Top of SUPPLIED MATERIAL

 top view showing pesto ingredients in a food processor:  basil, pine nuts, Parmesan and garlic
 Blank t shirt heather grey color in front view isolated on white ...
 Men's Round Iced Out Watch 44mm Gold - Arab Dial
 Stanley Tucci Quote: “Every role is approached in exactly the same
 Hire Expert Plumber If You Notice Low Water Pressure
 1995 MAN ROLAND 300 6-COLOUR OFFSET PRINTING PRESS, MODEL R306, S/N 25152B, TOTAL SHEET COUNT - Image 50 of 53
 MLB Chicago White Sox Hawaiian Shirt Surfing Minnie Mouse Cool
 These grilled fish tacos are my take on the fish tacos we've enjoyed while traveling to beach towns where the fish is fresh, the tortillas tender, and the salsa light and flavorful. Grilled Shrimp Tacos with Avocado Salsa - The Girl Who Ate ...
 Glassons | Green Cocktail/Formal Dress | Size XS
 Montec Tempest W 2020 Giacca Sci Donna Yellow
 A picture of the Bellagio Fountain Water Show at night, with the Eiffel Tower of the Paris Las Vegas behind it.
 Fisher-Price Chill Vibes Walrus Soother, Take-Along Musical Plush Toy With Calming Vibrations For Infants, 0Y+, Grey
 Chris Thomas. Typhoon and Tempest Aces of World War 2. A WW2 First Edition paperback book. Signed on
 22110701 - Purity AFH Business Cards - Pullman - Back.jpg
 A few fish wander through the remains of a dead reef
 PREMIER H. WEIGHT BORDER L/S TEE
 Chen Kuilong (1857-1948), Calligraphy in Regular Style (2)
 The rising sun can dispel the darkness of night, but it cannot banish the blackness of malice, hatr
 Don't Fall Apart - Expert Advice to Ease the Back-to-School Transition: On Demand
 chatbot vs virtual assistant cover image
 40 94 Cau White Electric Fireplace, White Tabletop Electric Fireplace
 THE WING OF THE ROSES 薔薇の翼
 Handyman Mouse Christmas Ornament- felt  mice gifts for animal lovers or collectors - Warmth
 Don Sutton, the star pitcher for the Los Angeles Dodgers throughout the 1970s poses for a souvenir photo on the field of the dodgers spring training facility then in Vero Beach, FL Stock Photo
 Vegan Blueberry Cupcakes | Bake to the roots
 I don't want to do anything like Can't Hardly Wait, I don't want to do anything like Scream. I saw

Bottom of SUPPLIED MATERIAL

§ **WHAT YOU NEED TO DO**: Reproduce exactly every line that sits between the start of the entries and the line bearing "MLB Chicago White", counting both of those lines.

§ **WRITTEN ANSWER**:
 top view showing pesto ingredients in a food processor:  basil, pine nuts, Parmesan and garlic
 Blank t shirt heather grey color in front view isolated on white ...
 Men's Round Iced Out Watch 44mm Gold - Arab Dial
 Stanley Tucci Quote: “Every role is approached in exactly the same
 Hire Expert Plumber If You Notice Low Water Pressure
 1995 MAN ROLAND 300 6-COLOUR OFFSET PRINTING PRESS, MODEL R306, S/N 25152B, TOTAL SHEET COUNT - Image 50 of 53
 MLB Chicago White Sox Hawaiian Shirt Surfing Minnie Mouse Cool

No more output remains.